On 25 April 1915, the Gallipoli landings to open up the Dardanelles and force the Ottoman Empire out of the Great War began in earnest with the landings at what became known as ANZAC cove.
The campaign was to showcase the Royal Navy and “the colonials” with the bulk of the British force drawn from the Australian and New Zealand Corps (ANZAC) along with several regiments of Gurkhas and Sikhs, the Ceylon Planters Rifle Corps, two divisions of Scots, one of Irish, some Canadian units, and the newly formed Royal Naval Division.
The French likewise contributed a mixed division composed of a Foreign Legion battalion, North African Zouaves, and Senegalese infantry.

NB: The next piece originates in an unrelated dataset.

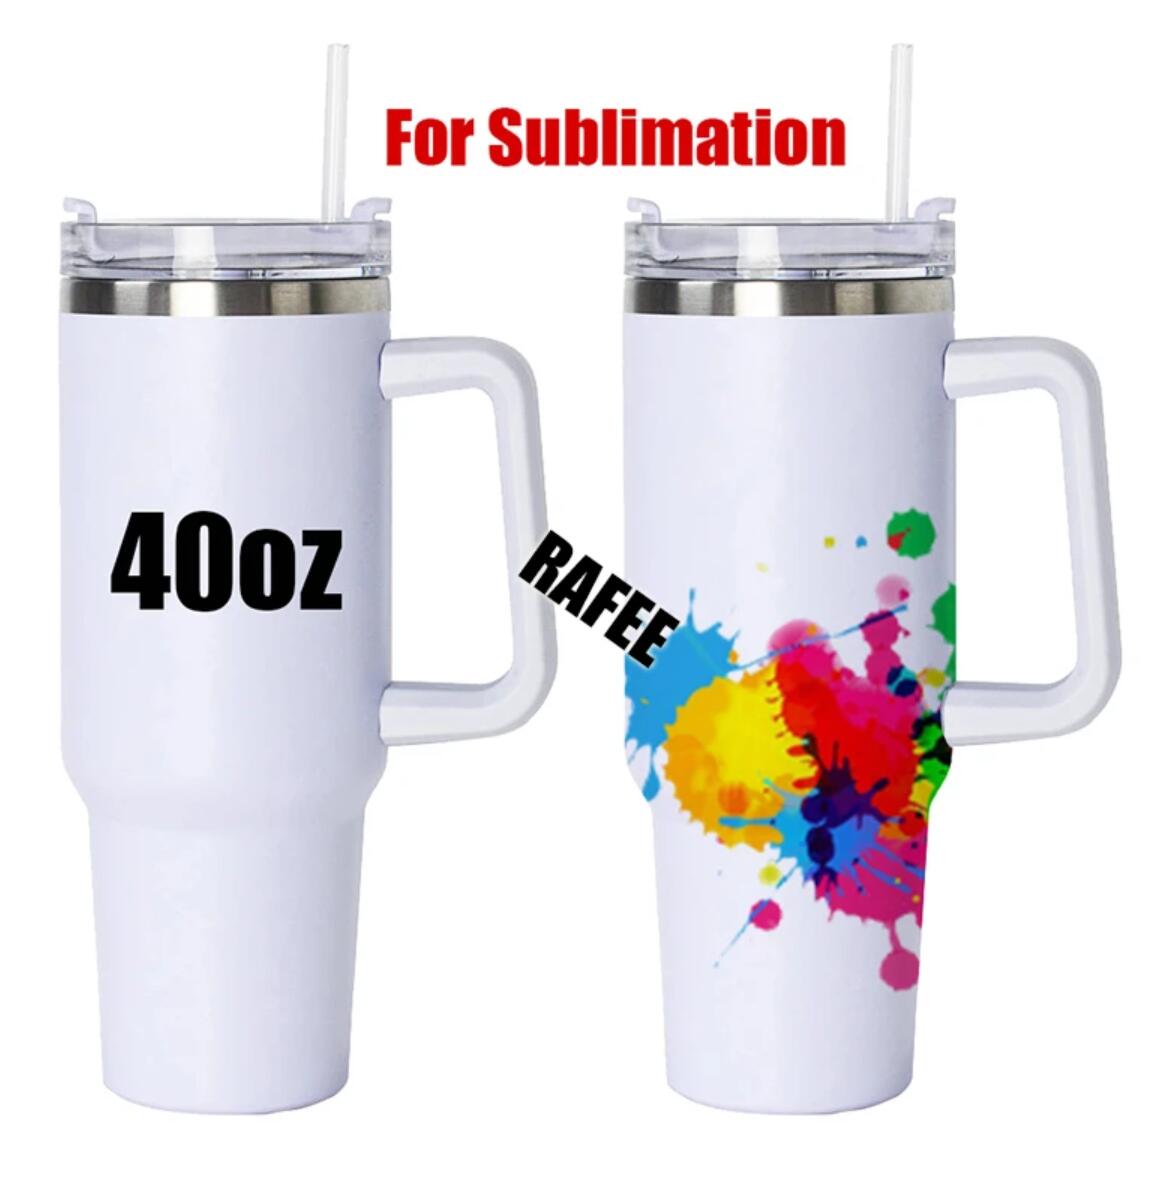 

40oz Sublimation Blanks Tumblers Handle Stainless Steel Coffee Thermal Cups 40 oz Insulated Travel Mugs Drinkware Bulk Wholesale GG0508, White

Major Sherman Miles, in his work on amphibious operations in the 1920s, later concluded that, while the mighty battleships HMS Queen Elizabeth, Cornwallis, Albion, and other ships battered the Ottoman defenses for a full 24 hours before the landings– “still the Turkish rifle and machine-gun fire broke out whenever the big guns laid off,” and the Entente forces remained pinned to the ground by what were deemed to be greatly inferior Turkish forces.
“One can only conclude,” Major Miles continues, “that there are few organisms in the world weaker than an army when its feet are still wet with saltwater.”
A lesson still likely very applicable today.